Bei Shakespeare ist es üblich, dass seine Sonette mit einer gereimten Doppelzeile enden. Dies nennt man in der Fachsprache „Heroic couplet“http://en.wikipedia.org/wiki/Heroic_couplet





      Interpretation und Aufbau des Werkes

      Interpretation

      Romeo und Julia ist als Theaterstück konzipiert, darum muss man beim Lesen und Interpretieren immer diesen Aspekt des Stückes berücksichtigen.

      Romeo selbst ist Gut und Böse in einer Person. Dieses einander gegenüberstellen ist typisch für Shakespeares Weise mit der Polarität des Lebens umzugehen. In Romeo vereint sich der Liebhaber und der Mörder, im Stück stehen sich das Leben und die Liebe und der Tod und der Hass gegenüber. Diese Gegensätze finden sich auch in anderen Charakteren wie beispielsweise in Lorenzo. In diesem ist der Glaube und die Seriosität der Kirche vereint mit Intrigen und Lügen. Er will zwar das Beste, nämlich die Versöhnung der Familien, greift dabei aber zu Unwahrheiten oder zumindest Unehrlichkeiten.

      Diese Widersprüche und Gegensätze lassen das Stück sehr lebendig werden und lassen die Zuschauer tief in die Seelen der Figuren blicken. Denn schließlich ist in jedem von uns das Gute genau so zu Hause wie das Böse.

      Zu den Widersprüchen gesellt sich dann auch noch das Auf und AB des Lebens. Die Stimmungslage Romeos wandelt sich im Laufe des Stückes von tief traurig ( wegen Rosalinden ), über hoch erfreut ( in Julia verliebt), hin zu verzweifelt ( seine Verbannung ) und zu zerstört ( als er von Julias Tod erfährt ). Die Zuschauer haben also auf allen Eben spannungsgeladene Elemente und Wendungen zu erwarten.

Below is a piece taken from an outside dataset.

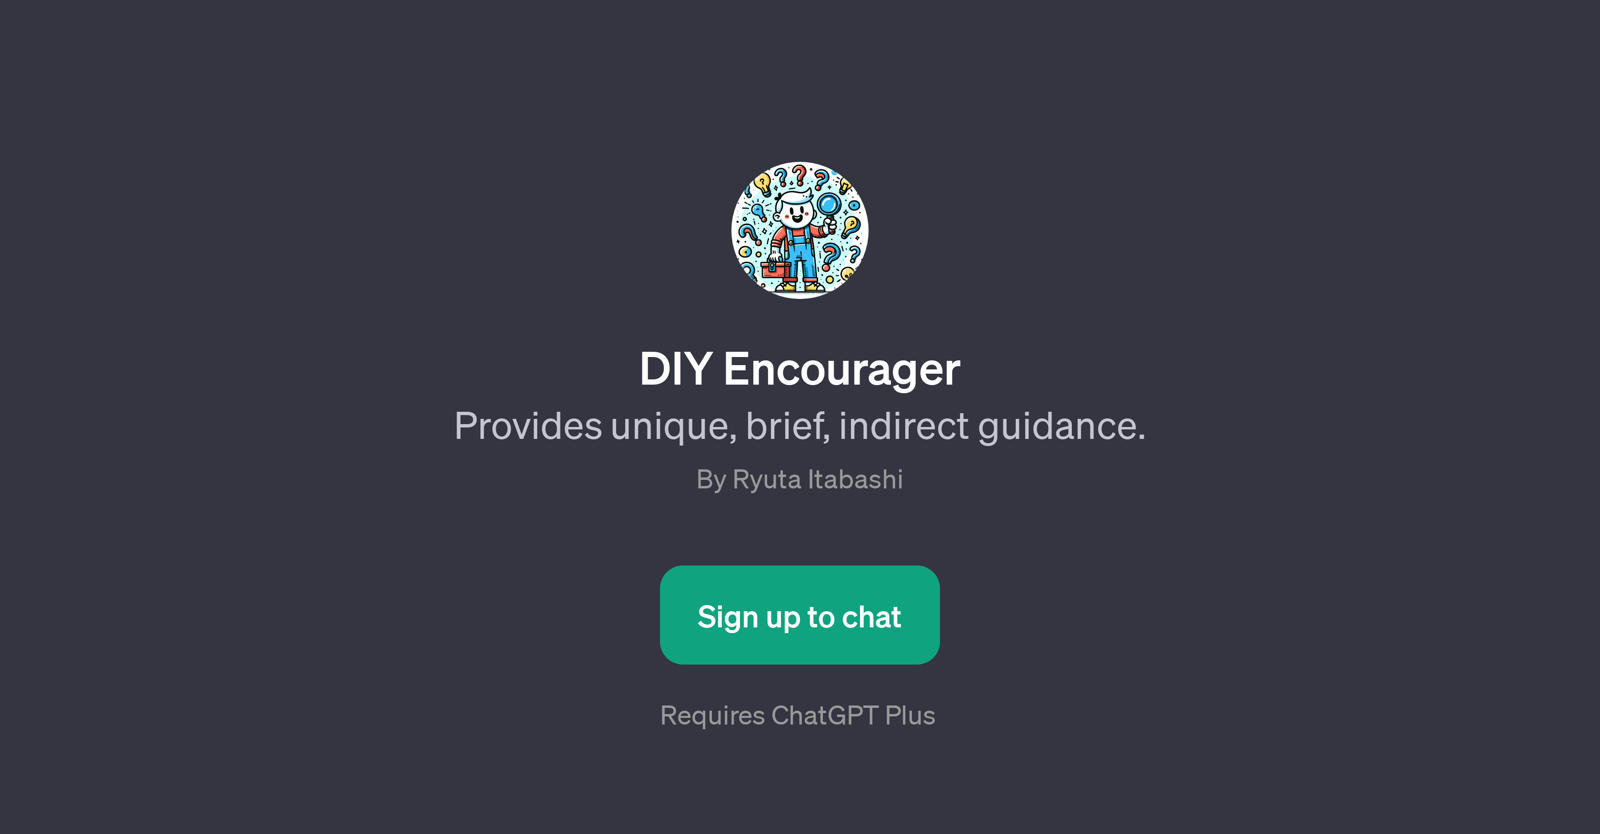 DIY Encourager website

      Die Leitmotive des Stückes sind die Liebe als Lebensinhalt und die Todesnähe. Außerdem spielt die jugendliche Intensität bei der Darstellung der Inhalte eine große Rolle.


      Aufbau

      Das Stück besteht aus fünf Akten und insgesamt 24 Szenen.
      Der erste Akt wird von einem Sonett eingeleitet. Im Prolog nimmt der Chor die spätere Handlung vorweg und leitet den ersten Akt ein.

      Der erste Akt ist die Expostion, er ist in vier Szenen gegliedert. In diesen wechseln sich die Handlungsorte ab, es wechselt strickt zwischen drinne und draußen.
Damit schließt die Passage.